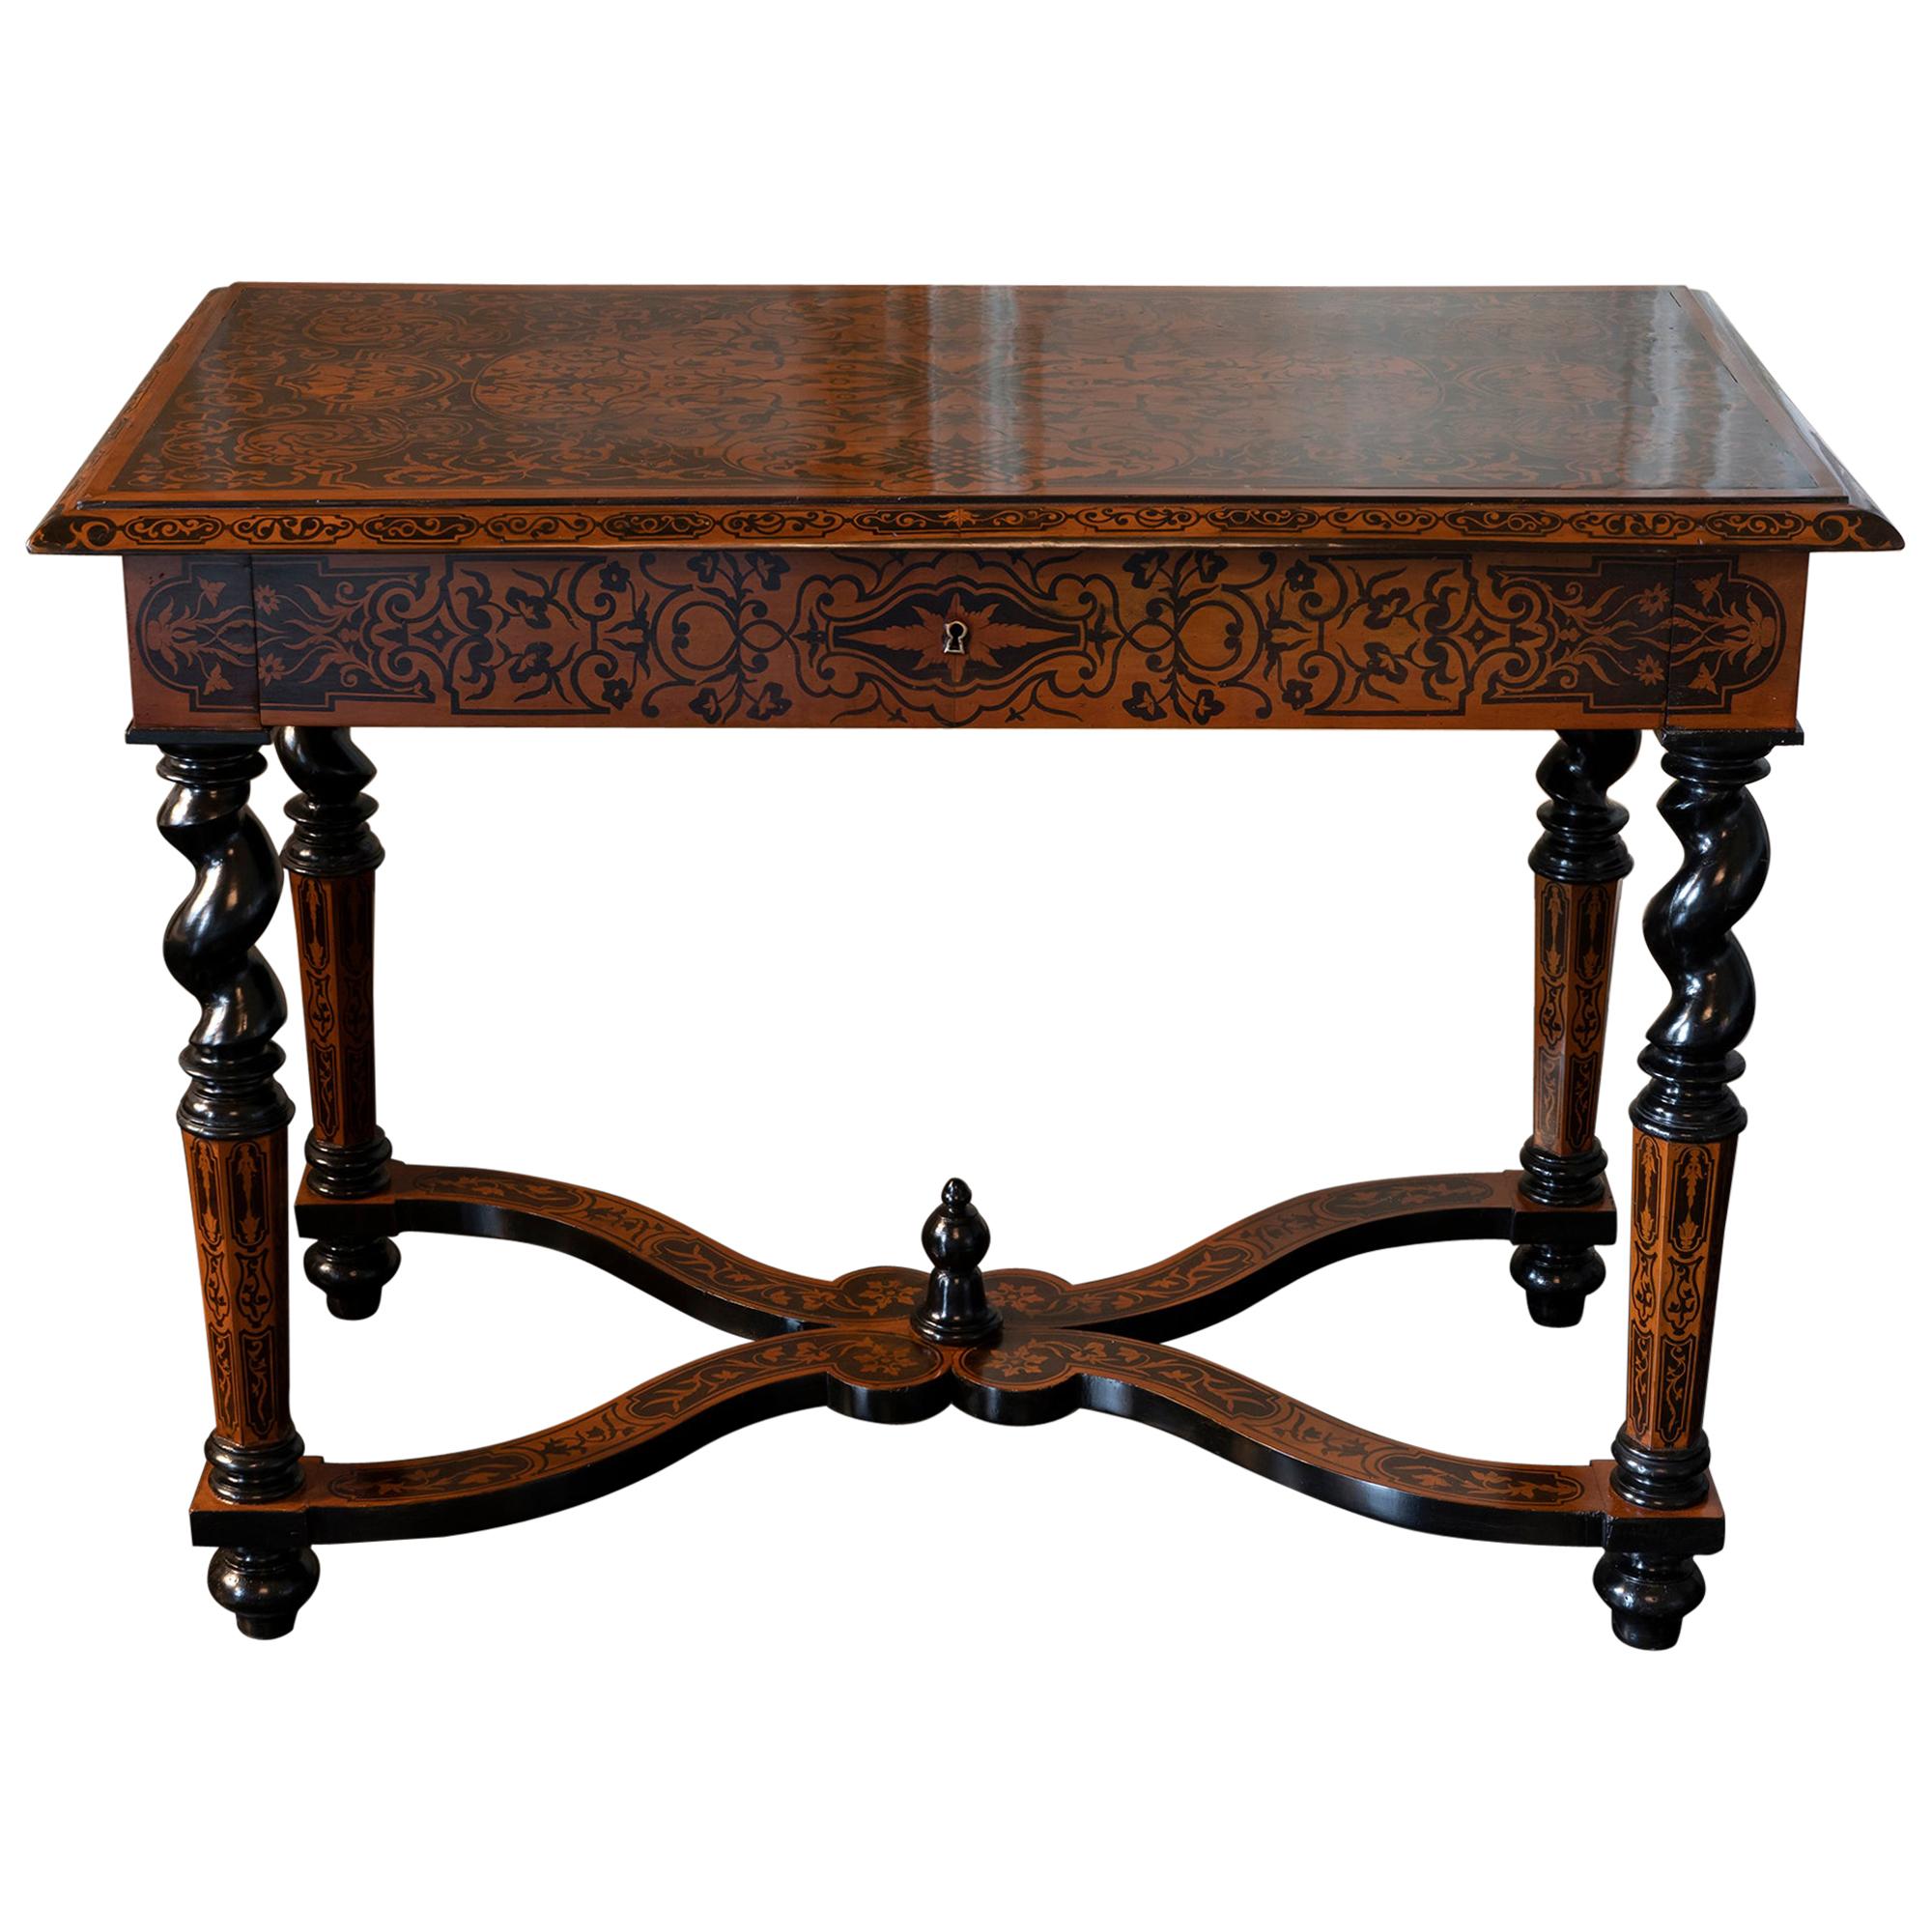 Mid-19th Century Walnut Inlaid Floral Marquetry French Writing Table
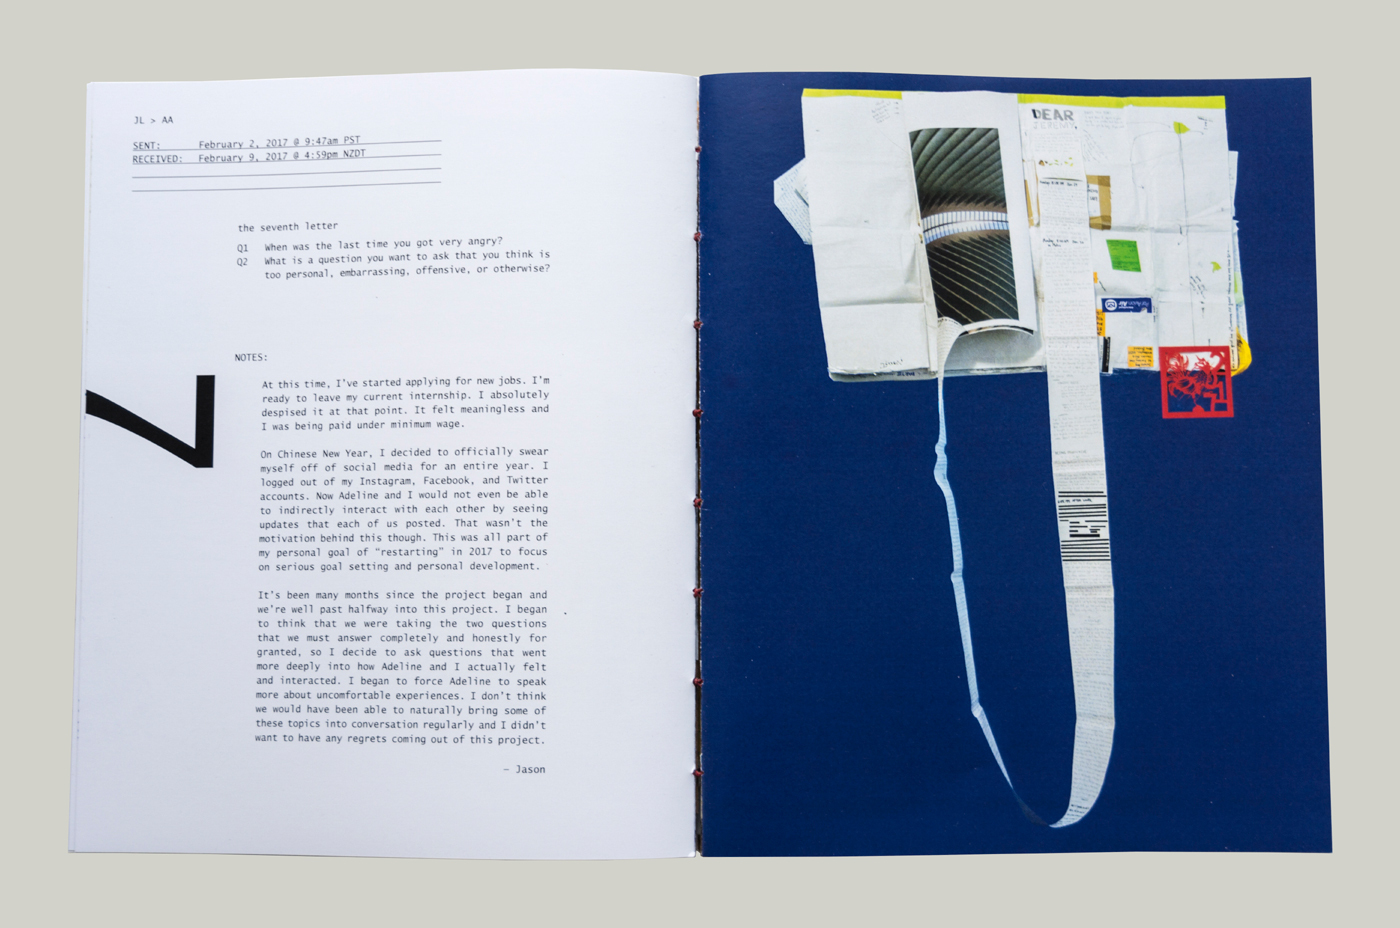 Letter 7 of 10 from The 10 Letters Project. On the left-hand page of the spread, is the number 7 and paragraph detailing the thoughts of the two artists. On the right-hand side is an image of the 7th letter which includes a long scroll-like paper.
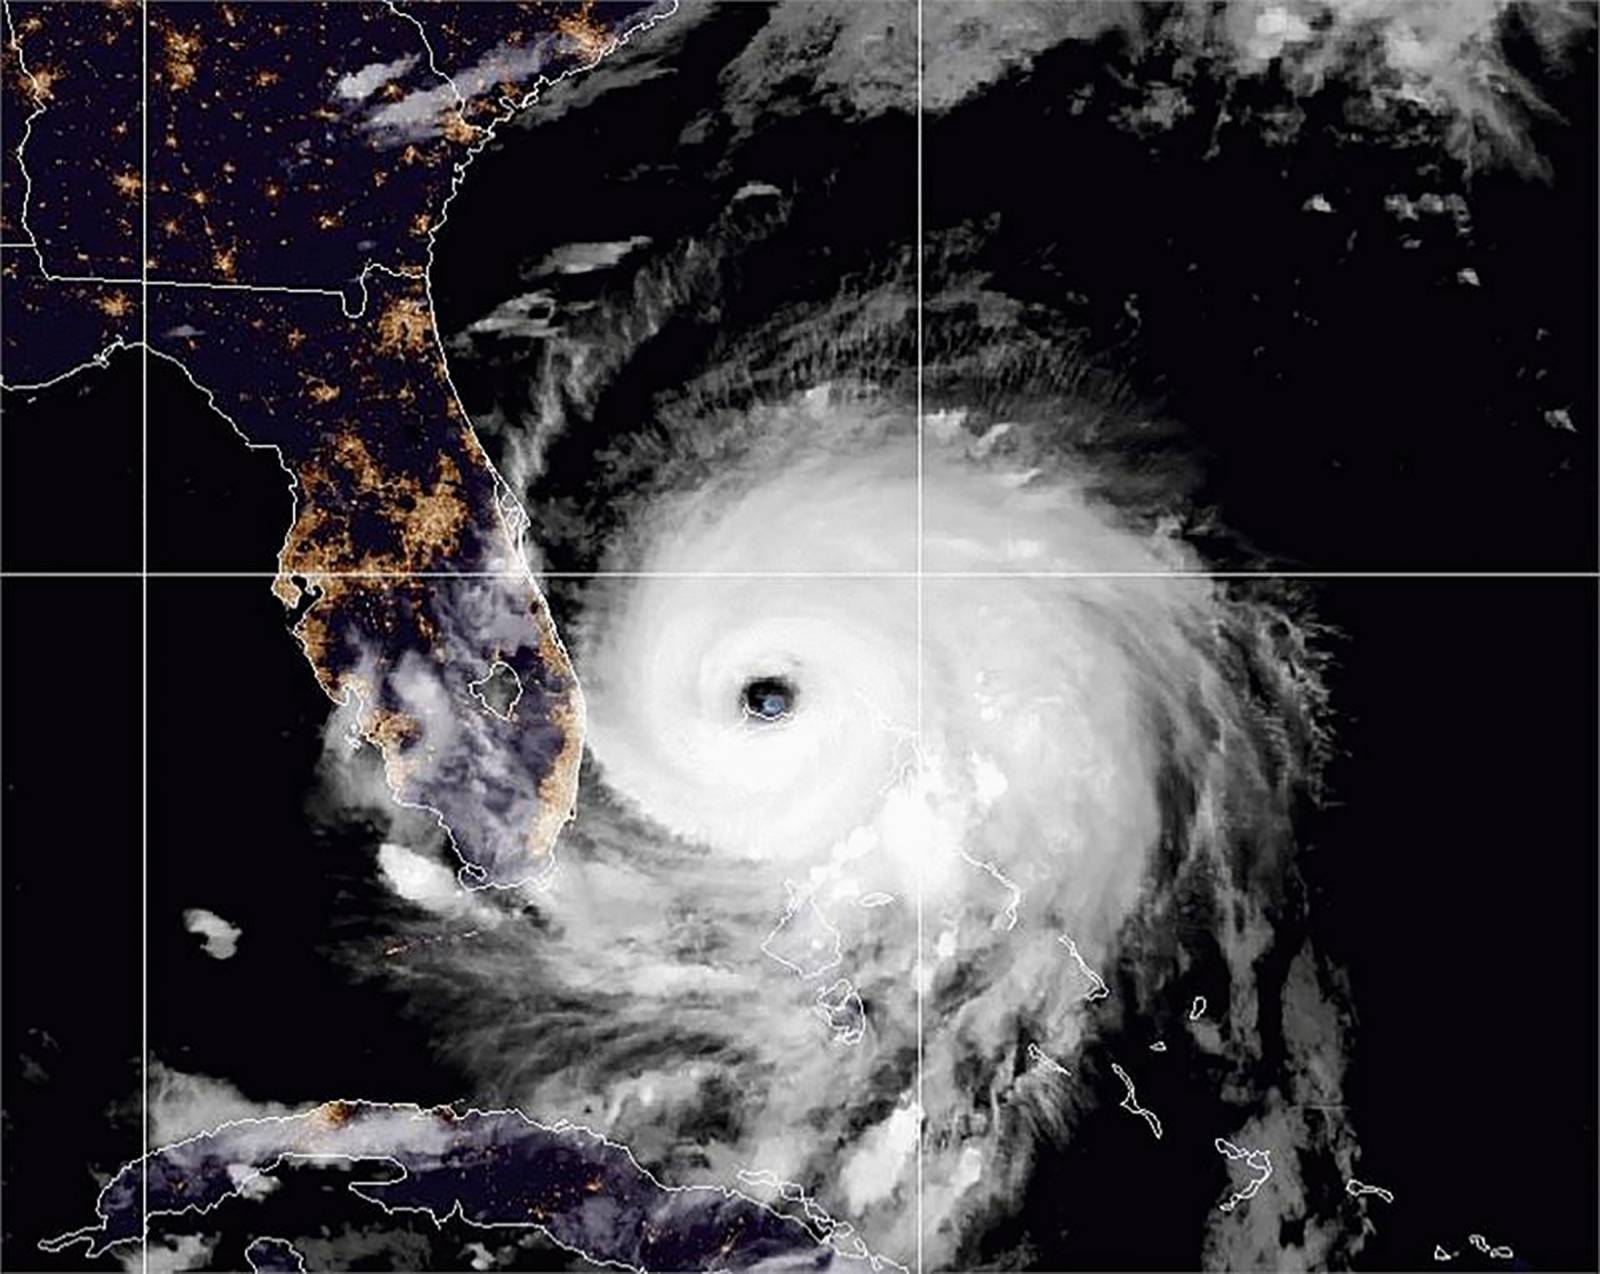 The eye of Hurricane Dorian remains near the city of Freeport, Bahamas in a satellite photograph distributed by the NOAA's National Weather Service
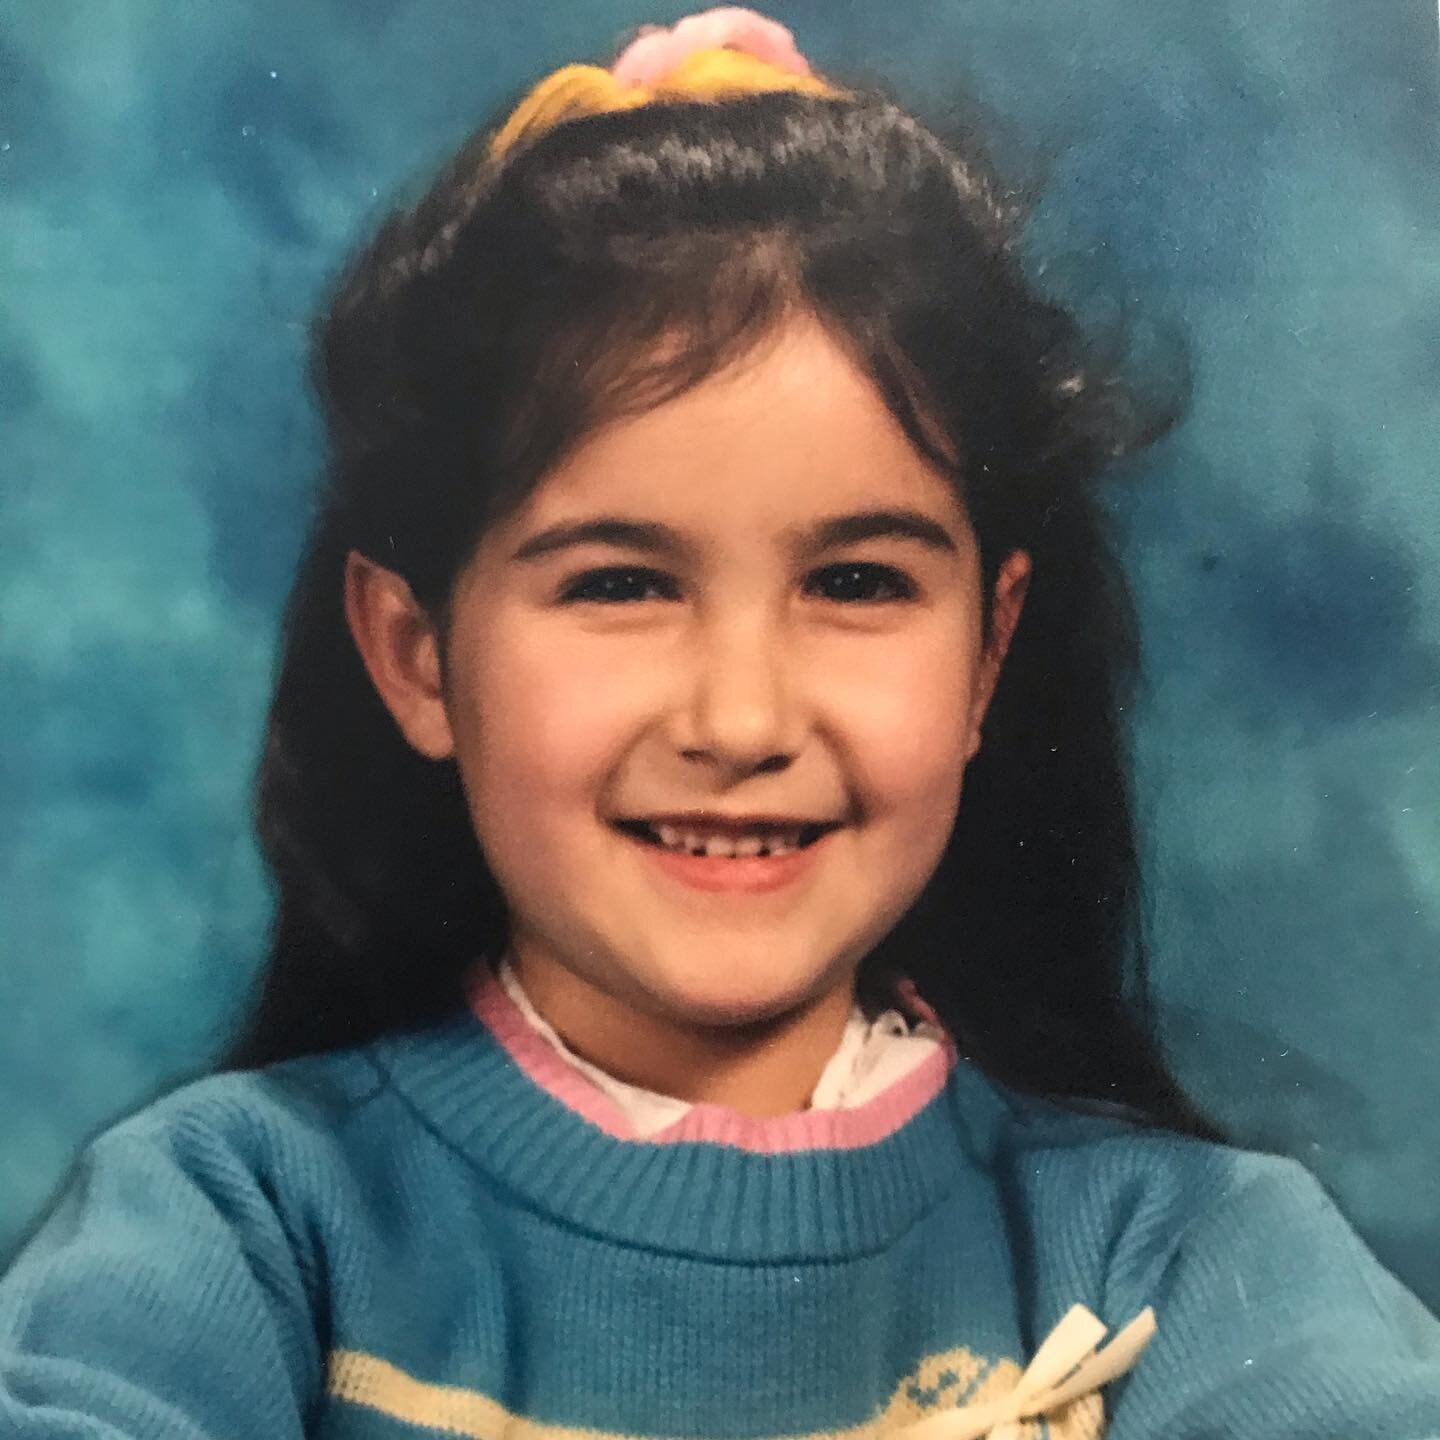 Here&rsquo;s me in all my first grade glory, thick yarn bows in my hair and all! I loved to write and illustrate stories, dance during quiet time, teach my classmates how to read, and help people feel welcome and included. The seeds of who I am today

==================================================

* **DIRECTIONS FOR THIS TASK**:
Hand back exactly the lines from the one with "Letter 7 of" through the last line of the data above, both ends included, with every picture left out.

* **FINISHED EXERCISE**:
 Letter 7 of 10 from The 10 Letters Project. On the left-hand page of the spread, is the number 7 and paragraph detailing the thoughts of the two artists. On the right-hand side is an image of the 7th letter which includes a long scroll-like paper.
 The eye of Hurricane Dorian remains near the city of Freeport, Bahamas in a satellite photograph distributed by the NOAA's National Weather Service
 Here&rsquo;s me in all my first grade glory, thick yarn bows in my hair and all! I loved to write and illustrate stories, dance during quiet time, teach my classmates how to read, and help people feel welcome and included. The seeds of who I am today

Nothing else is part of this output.